Technical data
Profiling a Parallel Fortran Program
109
After linking, the resulting executable can be run like any standard
executable. Creating multiple execution threads, running and
synchronizing them, and task terminating are all handled automatically.
When an executable has been linked with –mp, the Fortran initialization
routines determine how many parallel threads of execution to create. This
determination occurs each time the task starts; the number of threads is not
compiled into the code. The default is to use the number of processors that
are on the machine (the value returned by the system call
sysmp(MP_NAPROCS); see the sysmp(2) man page). The default can be
overridden by setting the shell environment variable
MP_SET_NUMTHREADS. If it is set, Fortran tasks will use the specified
number of execution threads regardless of the number of processors
physically present on the machine. MP_SET_NUMTHREADS can be an
integer from 1 to 16.
Profiling a Parallel Fortran Program
After converting a program, you need to examine execution profiles to judge
the effectiveness of the transformation. Good execution profiles of the
program are crucial to help you focus on the loops consuming the most time.

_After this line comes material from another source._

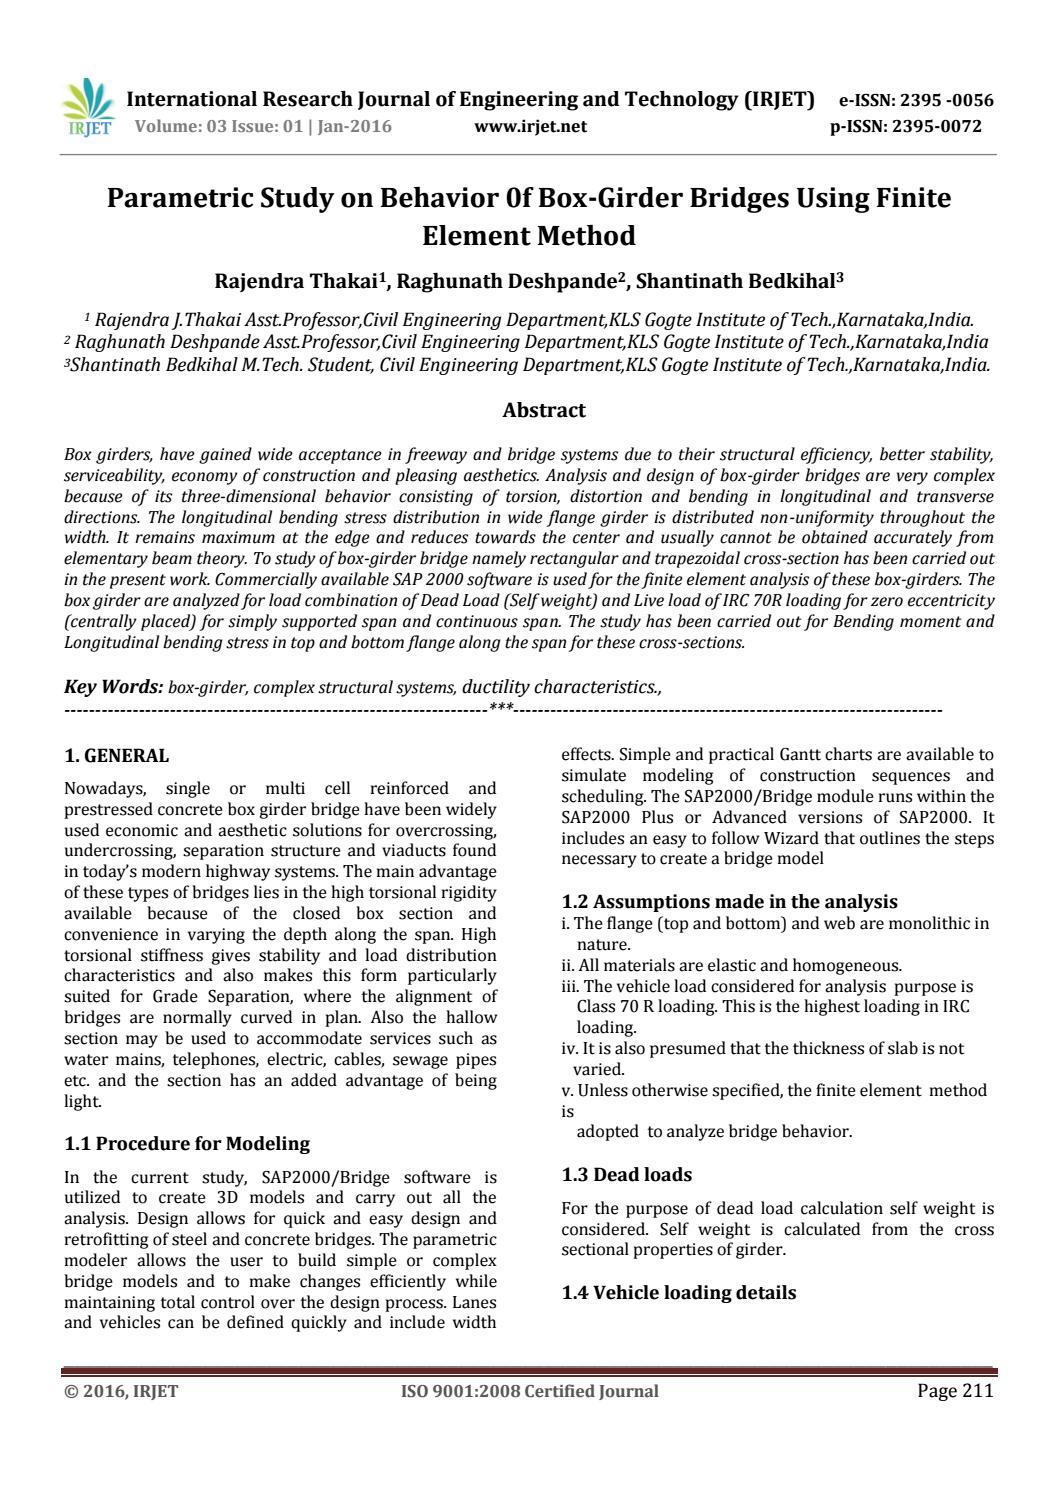 Parametric Study on Behavior 0f Box-Girder Bridges Using

IRIX provides profiling tools that can be used on Fortran parallel programs.
Both pixie(1) and pc-sample profiling can be used. On jobs that use multiple
threads, both these methods will create multiple profile data files, one for
each thread. The standard profile analyzer prof(1) can be used to examine
this output.
The profile of a Fortran parallel job is different from a standard profile. As
mentioned in “Analyzing Data Dependencies for Multiprocessing” on page
79, to produce a parallel program, the compiler pulls the parallel DO loops
out into separate subroutines, one routine for each loop. Each of these loops
is shown as a separate procedure in the profile. Comparing the amount of
time spent in each loop by the various threads shows how well the workload
is balanced.